EXERCISE DATA

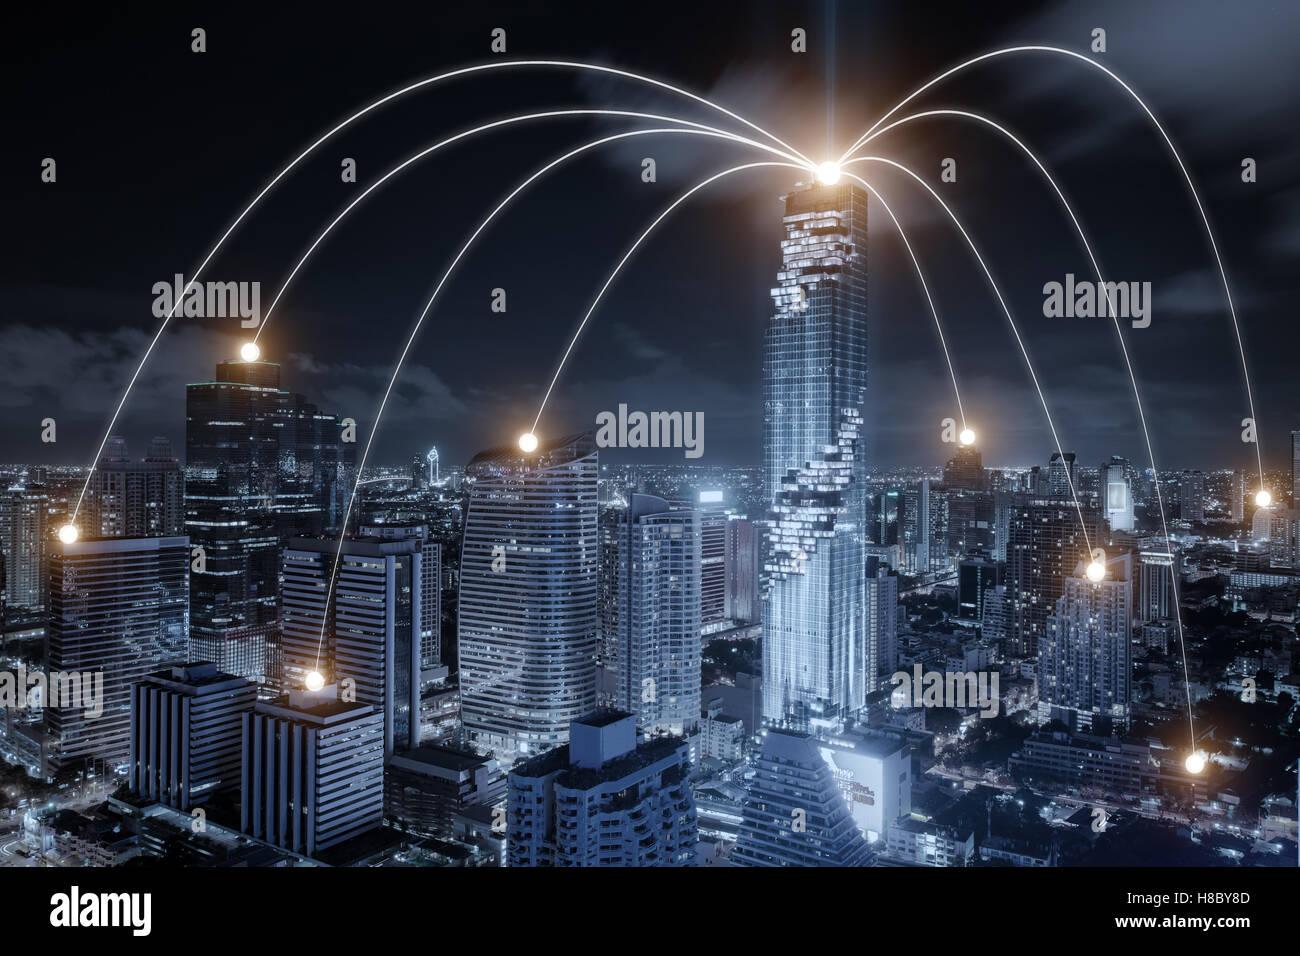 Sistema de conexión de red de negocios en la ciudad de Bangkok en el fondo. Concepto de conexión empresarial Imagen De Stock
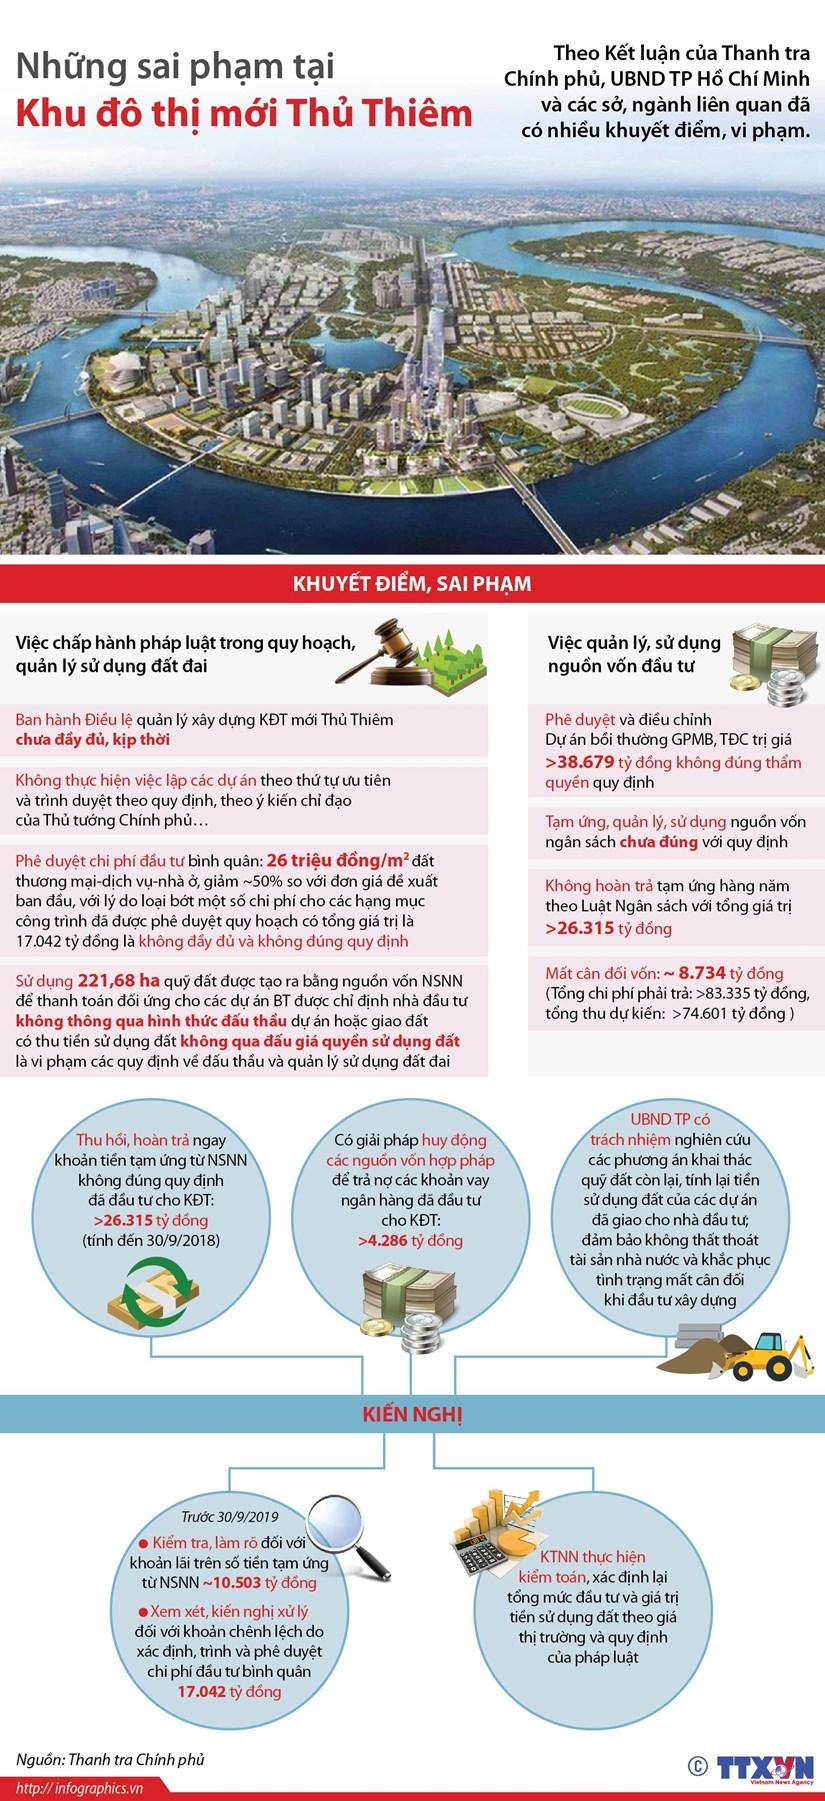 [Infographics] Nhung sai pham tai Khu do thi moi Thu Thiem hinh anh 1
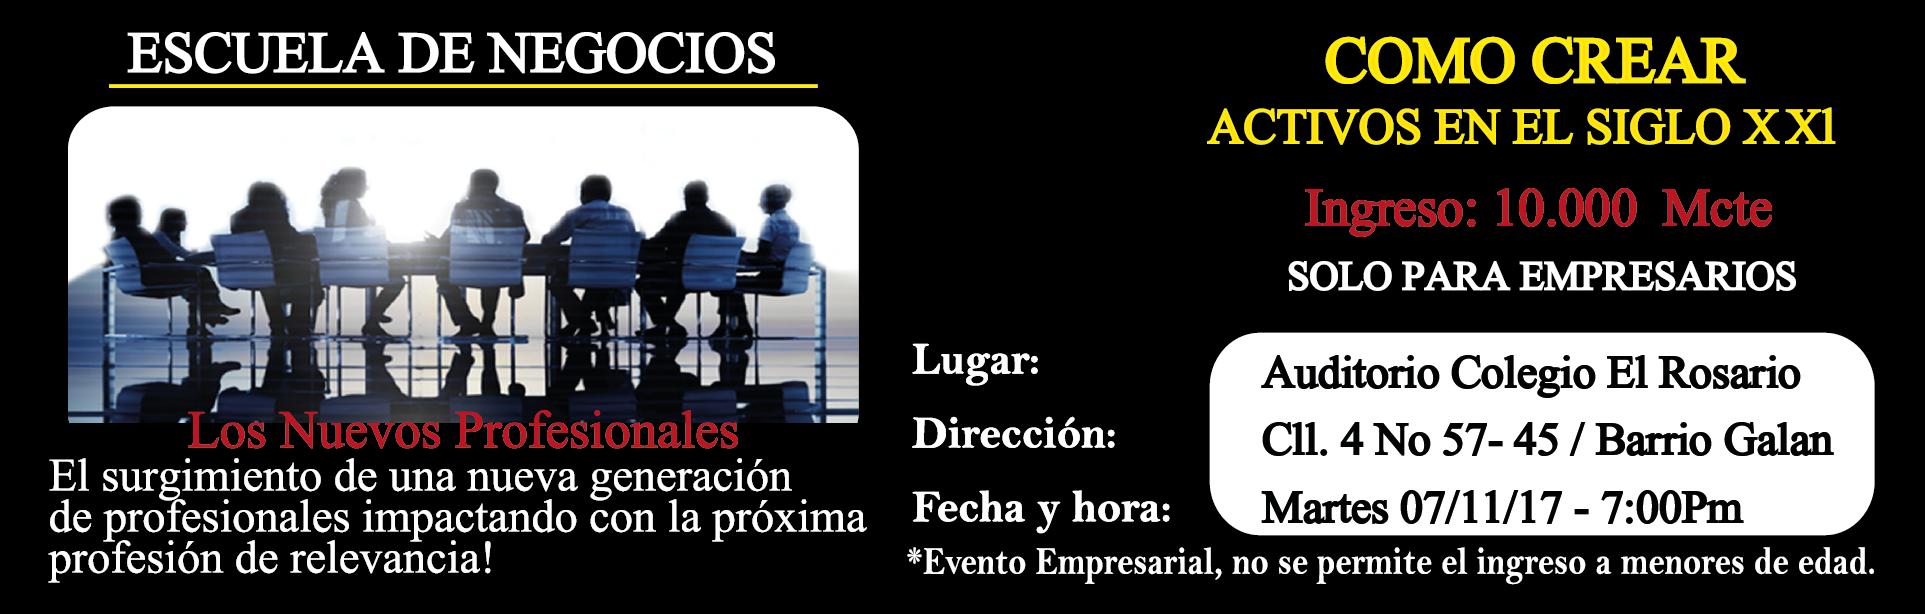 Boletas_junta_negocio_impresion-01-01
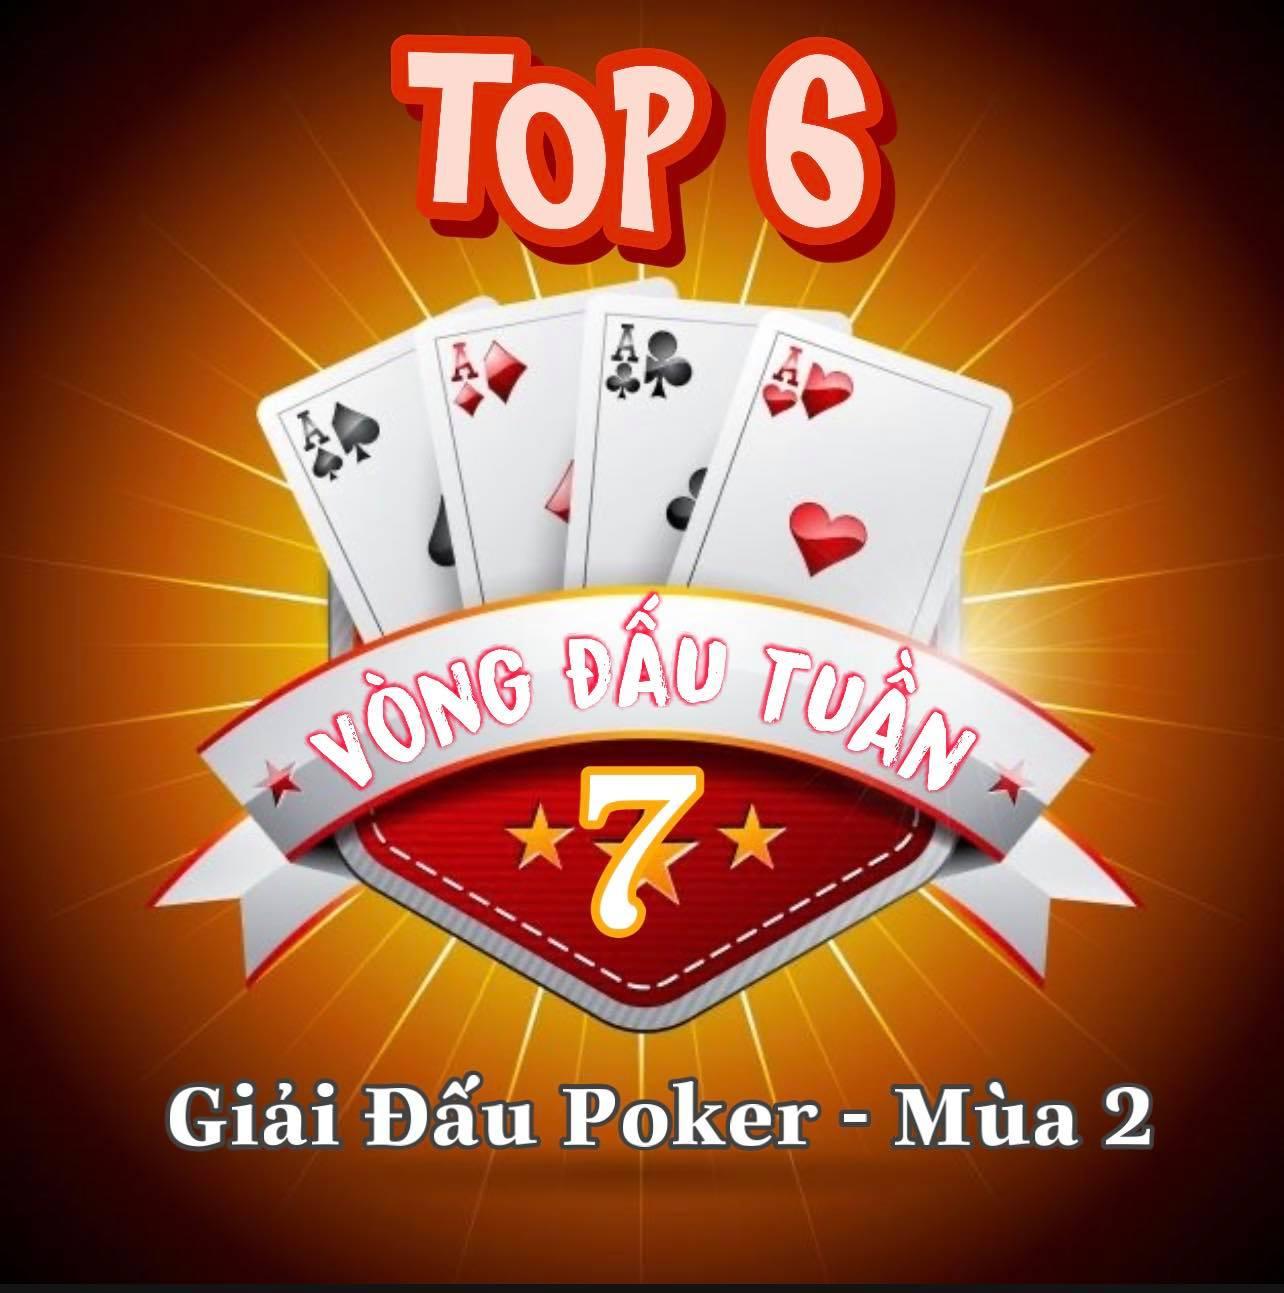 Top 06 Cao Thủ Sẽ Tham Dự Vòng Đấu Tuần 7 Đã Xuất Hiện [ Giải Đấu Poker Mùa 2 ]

PROBLEM REQUIREMENTS
Please retype all of the material exactly, skipping whatever images it holds.

RESPONSE BELOW
 Sistema de conexión de red de negocios en la ciudad de Bangkok en el fondo. Concepto de conexión empresarial Imagen De Stock
 [Infographics] Nhung sai pham tai Khu do thi moi Thu Thiem hinh anh 1
 Boletas_junta_negocio_impresion-01-01
 Top 06 Cao Thủ Sẽ Tham Dự Vòng Đấu Tuần 7 Đã Xuất Hiện [ Giải Đấu Poker Mùa 2 ]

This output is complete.